2. Leadenhall Street

The Royal African Company & the legacies of slave-ownership

If you’d prefer to listen to the audio version of this article, listen to Abbie and Charlotte here: 

Royal African Company – Coat of Arms

Leadenhall Street was a previous hot spot for slave owners, and more significantly, housed the Royal African Company, an English trading company set up in 1660 that grew to become the largest commercial business of the slave trade. Shipping more enslaved people to the Americas than any other trading firm, the Royal African Company remains an important part of British history. King Charles II granted the company a Royal Charter in 1663, and its credibility and magnitude began to grow. The Charter codified the company’s monopoly, allowing them to control

‘the whole, entire and only trade for buying and selling, bartering and exchanging for or with any negros, slaves, goods… whatsoever’ in Western Africa. 

The trade was huge, and not just limited to the City of London, with domestic industries in cities like Liverpool and Bristol also benefitting from the business. The company shipped a total of 212,000 slaves, with 44,000 tragically dying along the way. Essentially leading, and sustaining the slave trade, the Royal African Company headquarters, which once stood before you, had a vast impact on global trade, and the domestic wealth of Britain. Whilst the building does not exist anymore, its legacy lives on.   

Even after the collapse of the Company in 1708, its economic impact could still be felt through the compensation pay out that secured the freedom of those enslaved in 1833. Slave owners were compensated £20 million (the modern equivalent of £17 billion) for their loss of property. British tax payers only recently payed off this extraordinary debt in 2015.  On Leadenhall Street alone, 66 records indicate a number of individuals who received varying amounts in compensation.
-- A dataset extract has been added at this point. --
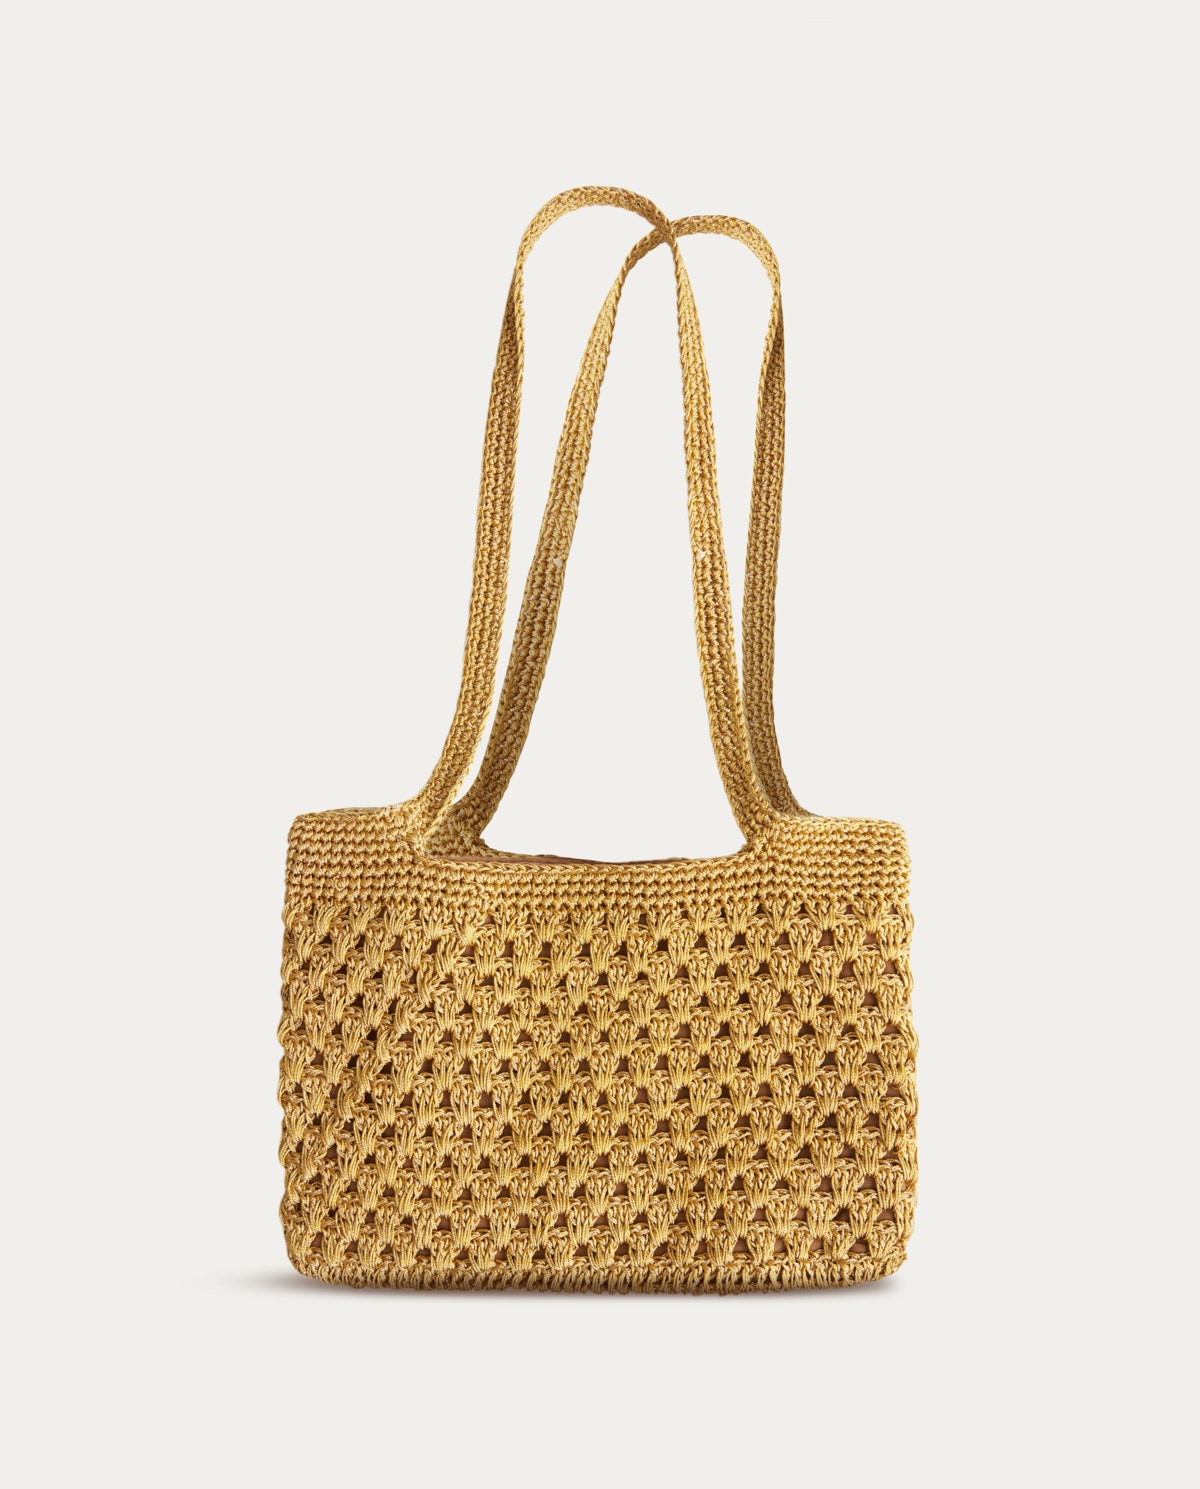 Metallic crochet bag GOLD 1

For example,  Edmund Francis Green received thousands for his slave-related interests in Grenada, St Lucia, and Trinidad. Just from his Grenada estate alone, he was awarded £3058 in compensation.

Click here to navigate to UCL’s Legacies of British Slavery database to search up your family surname or explore your company’s links to the trade. 

The Gilt of Cain, just around the corner from Leadenhall Street, is a memorial to the victims of the oppressive slave-trade. 

 
We recommend watching this BBC documentary series by historian David Olusoga on ‘Britain’s Forgotten Slave Owners’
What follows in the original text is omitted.